H2O Asset Management (+€7.6 bn) was the leading promoter of alternatives funds for the first nine months of 2018, followed by Old Mutual (+€3.2 bn), BlackRock (+€2.1 bn), and Man Investments (+€1.6 bn) as well as Legg Mason (+€1.4 bn).
Promoter Activity–Fund Launches, Liquidations, and Mergers
After several strong years with net inflows for the European fund industry, promoter activity with regard to fund launches, liquidations, and mergers may have started to change in pattern—from consolidation to an increase in the number of products. The number of funds available to investors in Europe increased by 132 for the first nine months of 2018. The underlying numbers may indicate a new trend in Europe: the numbers of mergers and liquidations went further down in a quarter-by-quarter comparison, while the number of newly launched funds hovered around the long-term quarterly average. That said, the main reason for the mergers and liquidations at the fund level did not change. Fund promoters further restructured their general product offerings; i.e., some fund promoters merged funds with a similar investment objective to strengthen their product ranges. Lower profitability because of the lack of AUM could have been another reason fund promoters merged or liquidated some funds.

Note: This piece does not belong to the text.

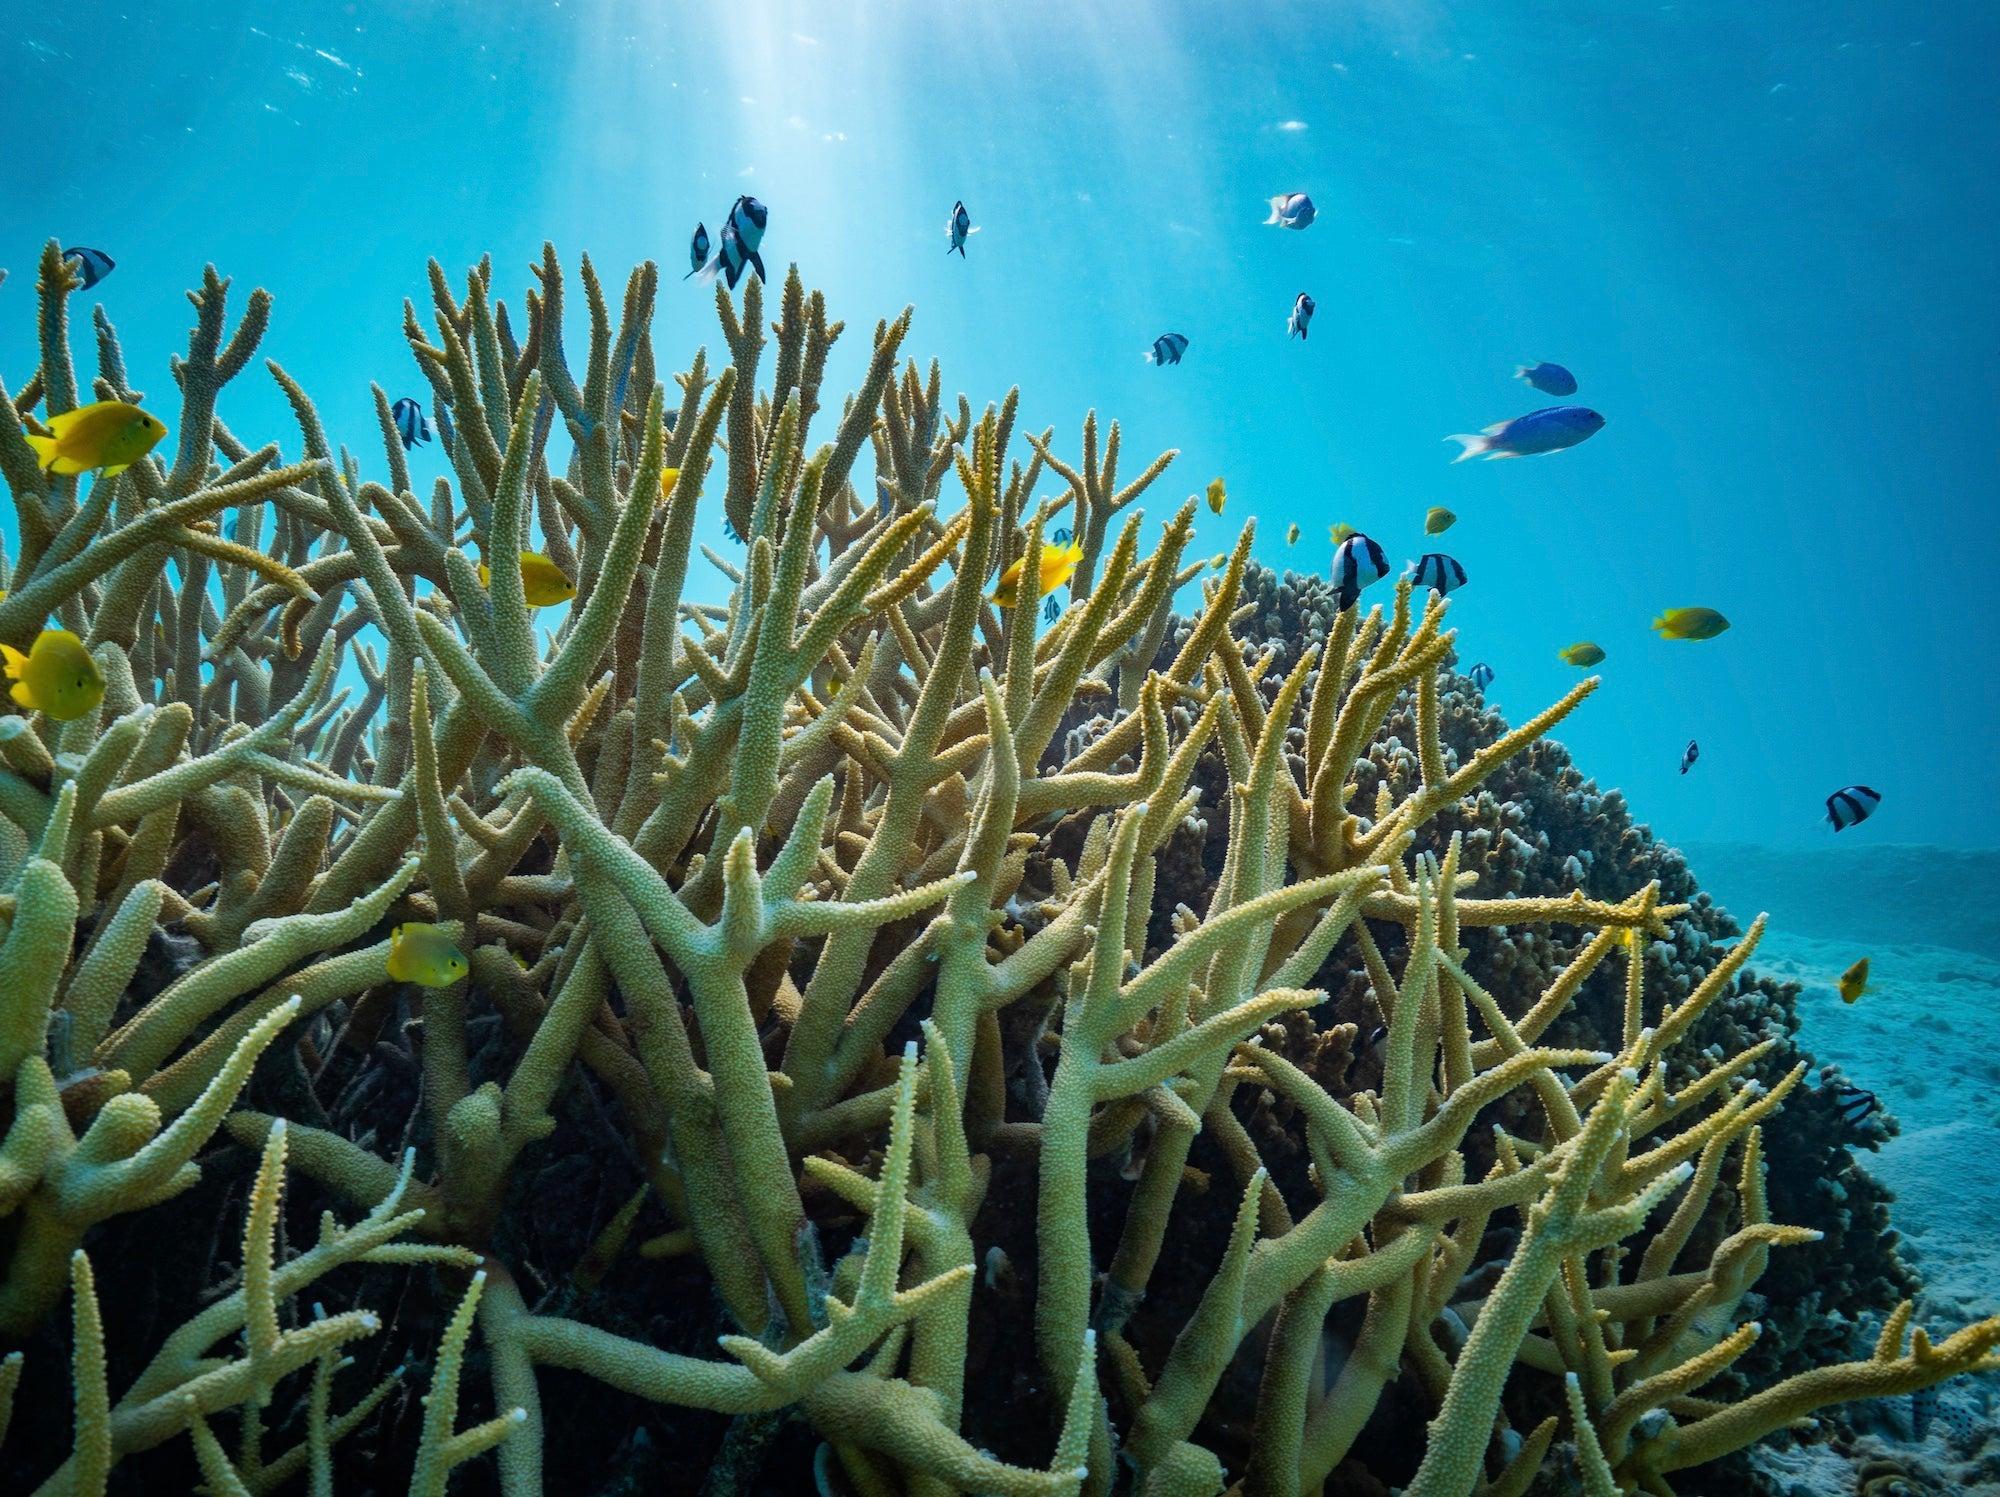 Punta Norte: ¿Qué pez puede infundir más temor que un tiburón?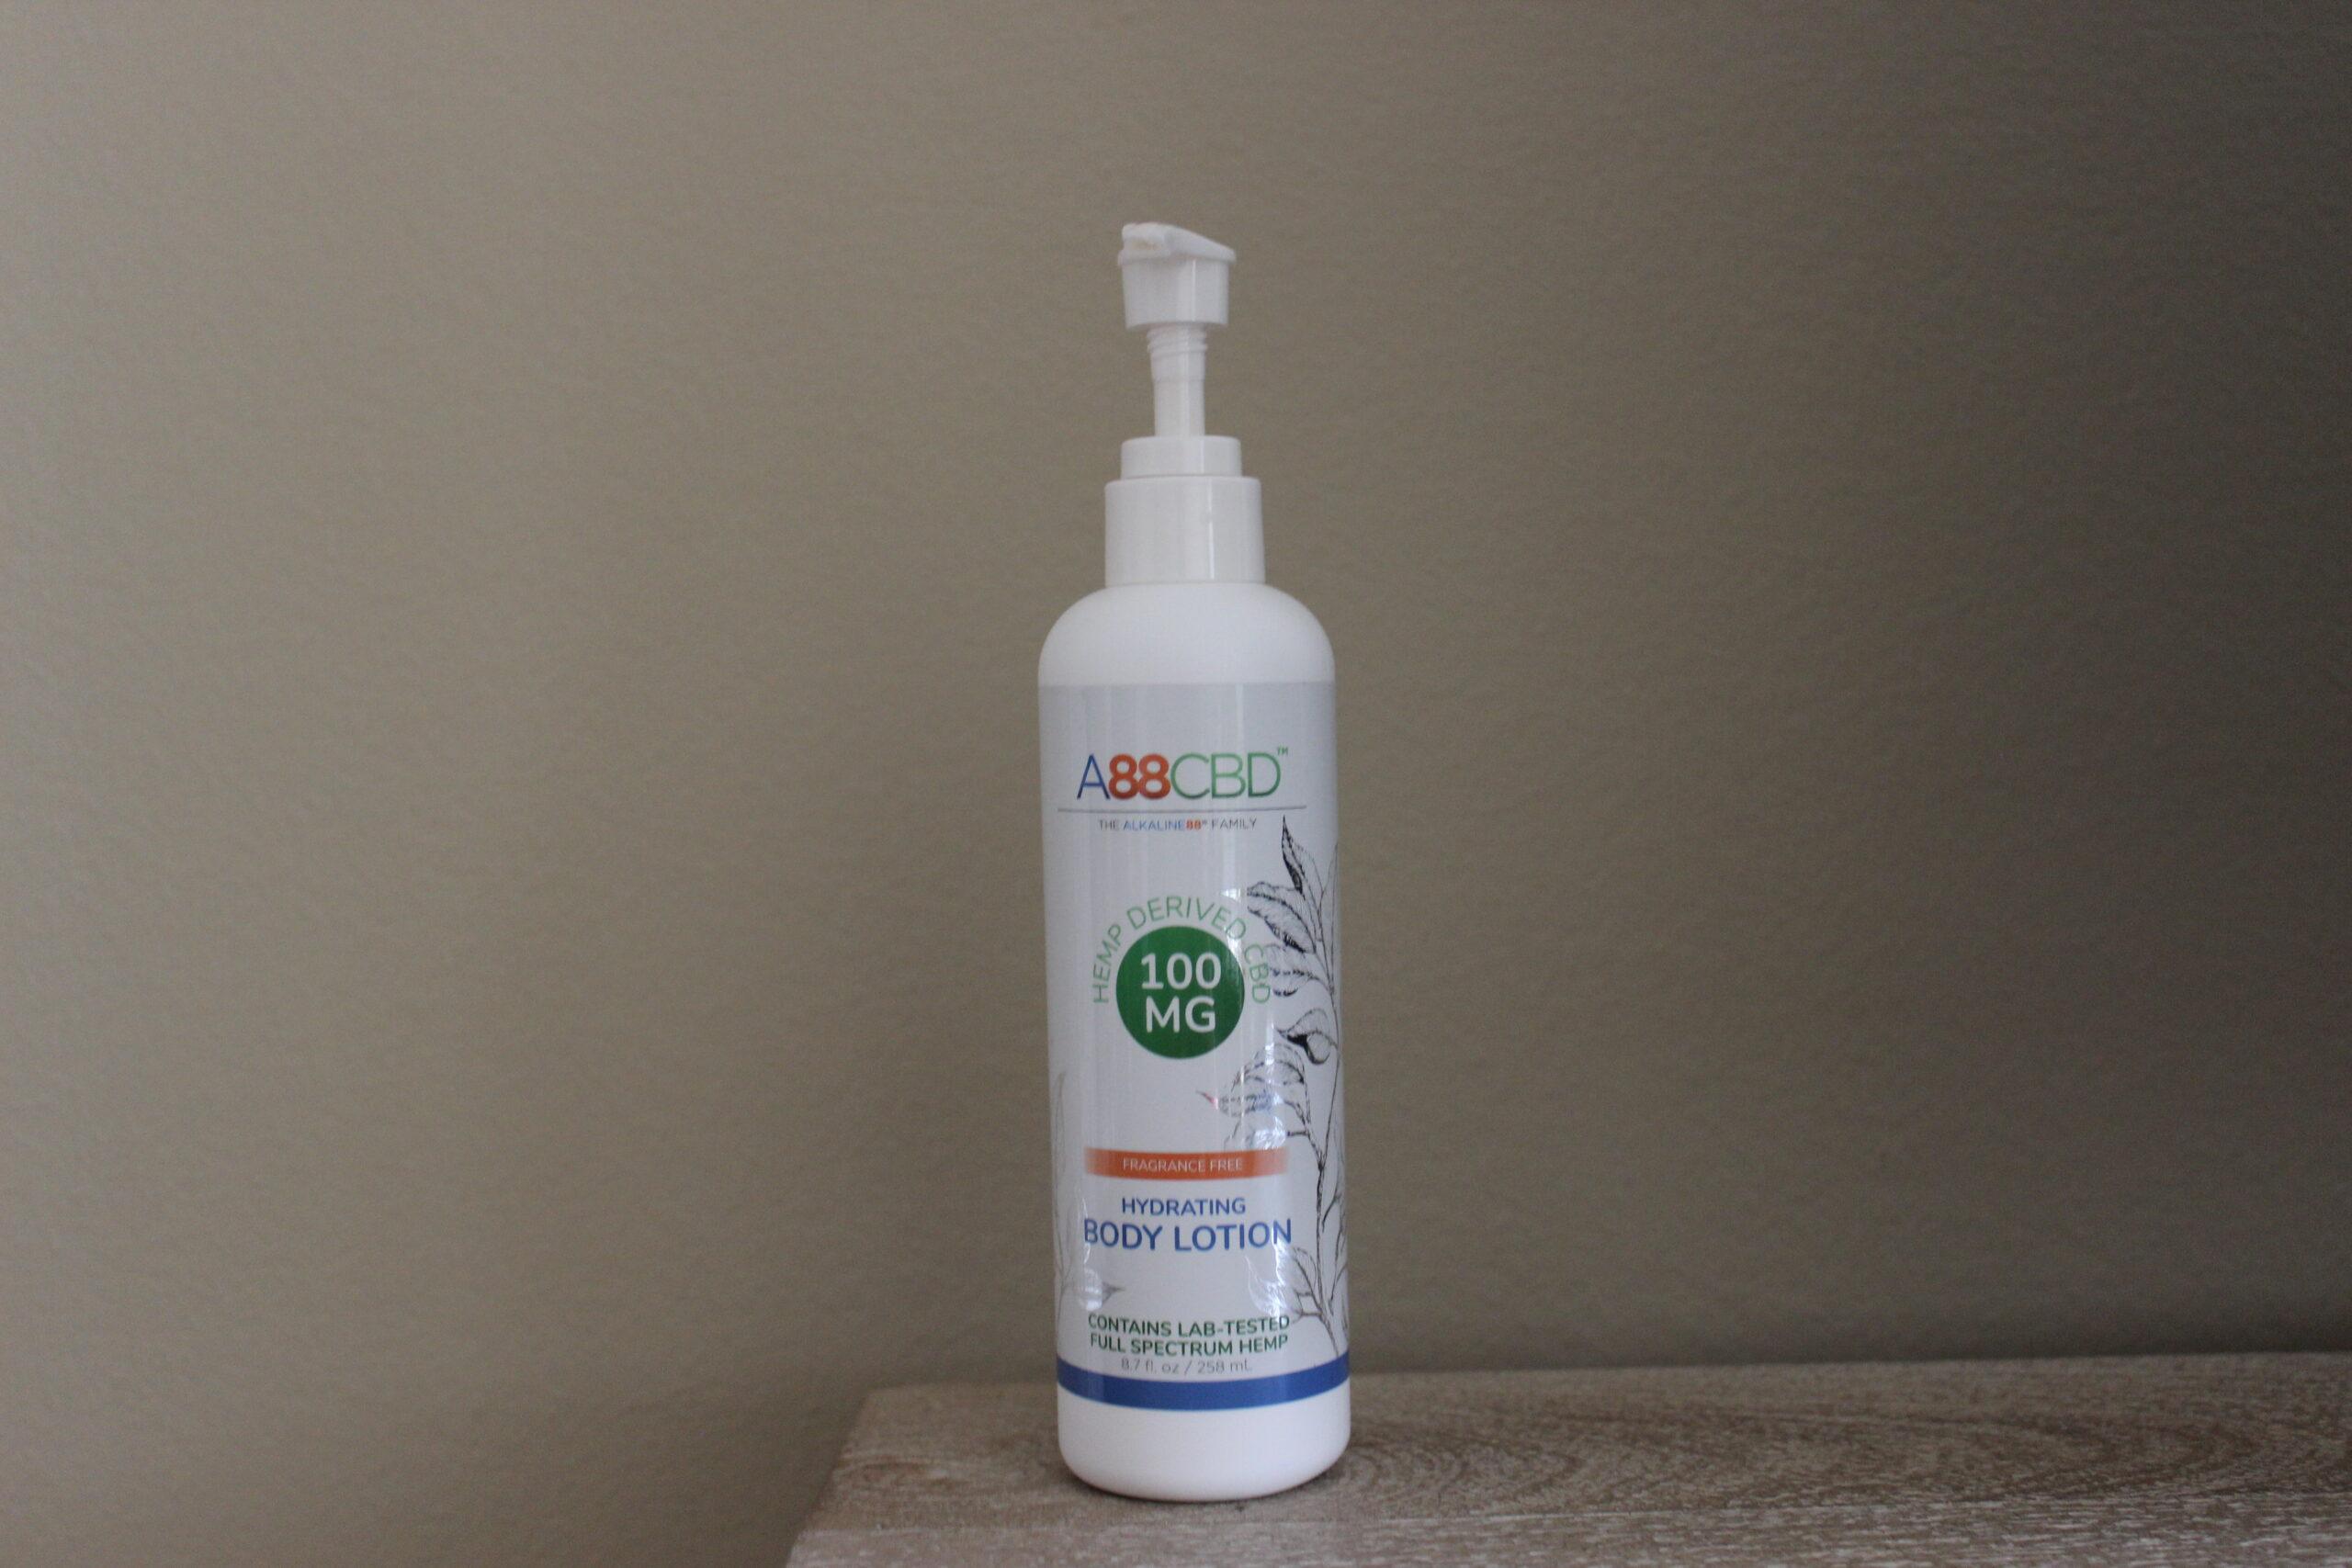 A88CBD Hydrating CBD Body Lotion

European fund promoters liquidated 689 funds over the course of the first nine months of 2018, while 669 funds were merged into other funds. In contrast, European fund promoters launched 1,490 funds. This meant the European fund market grew by 132 funds over the course of the first nine months of 2018.
A more detailed view shows that equity funds had the highest number of mergers (240), liquidations (212), and fund launches (514). With regard to fund flows in Europe, it was surprising that equity funds took the lead for fund launches from mixed-asset funds, since this asset type showed the highest net inflows for the year so far. Fund promoters in the past had been trying to grab their market share by launching so-called multi-asset funds. The rather low number of fund mergers in the mixed-asset segment compared to equity funds and bond funds may indicate that fund promoters have cleaned up their product ranges with regard to “old-fashioned” mixed-asset funds. They had been merging the old funds with new multi-asset products to increase the AUM of the new products in order to make them more attractive to investors.